GIVEN ENTRIES:
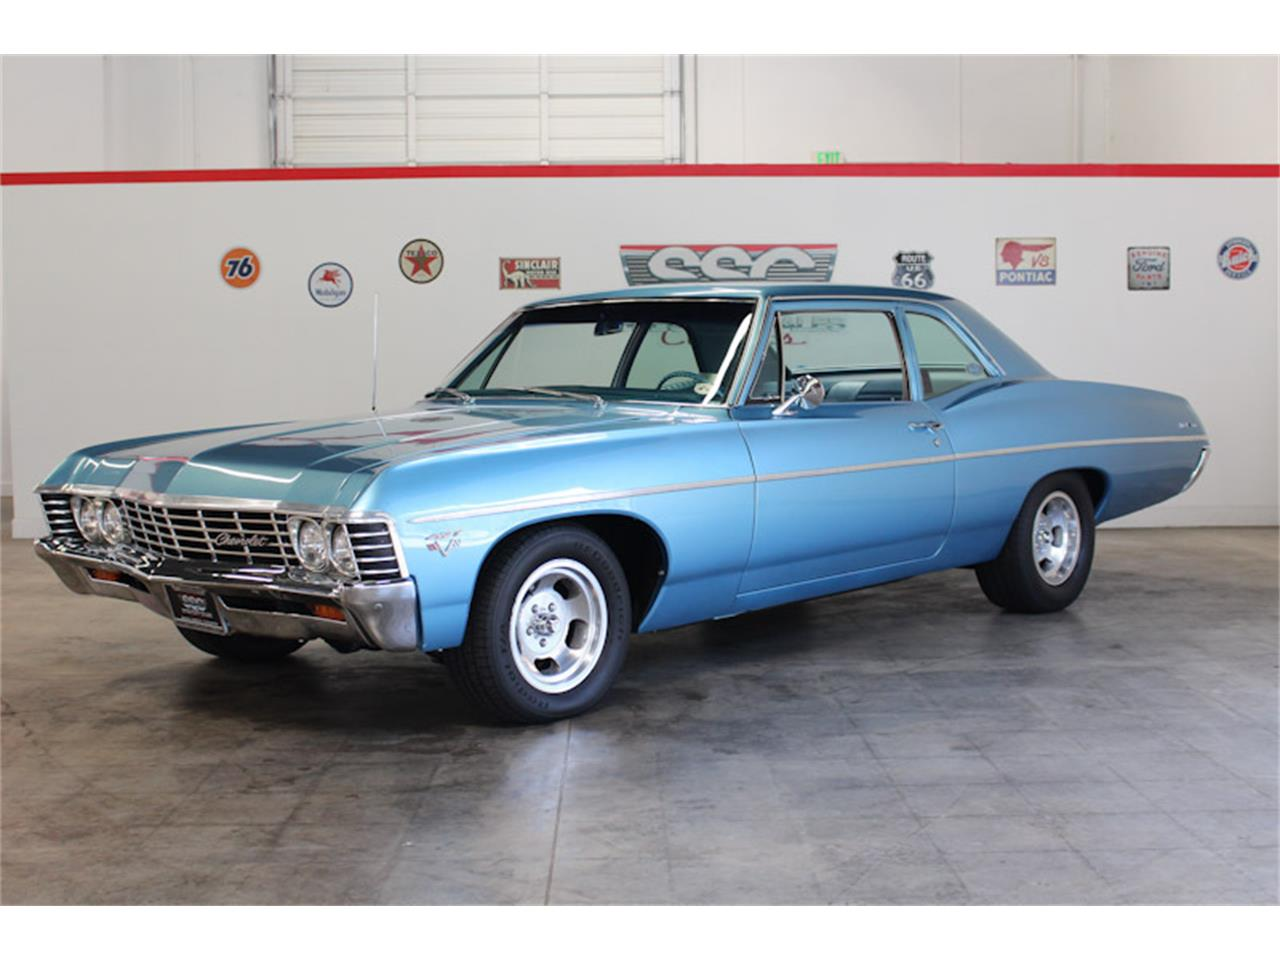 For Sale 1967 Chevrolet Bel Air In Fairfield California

...

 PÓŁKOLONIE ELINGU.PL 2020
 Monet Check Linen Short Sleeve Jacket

TRY IT:
With the first line being the one containing "PÓŁKOLONIE ELINGU.PL 2020" and the last line the one containing "Monet Check Linen Short Sleeve Jacket", transcribe exactly the lines above that fall in that range.

ANSWER FOR THIS EXERCISE:
 PÓŁKOLONIE ELINGU.PL 2020
 Monet Check Linen Short Sleeve Jacket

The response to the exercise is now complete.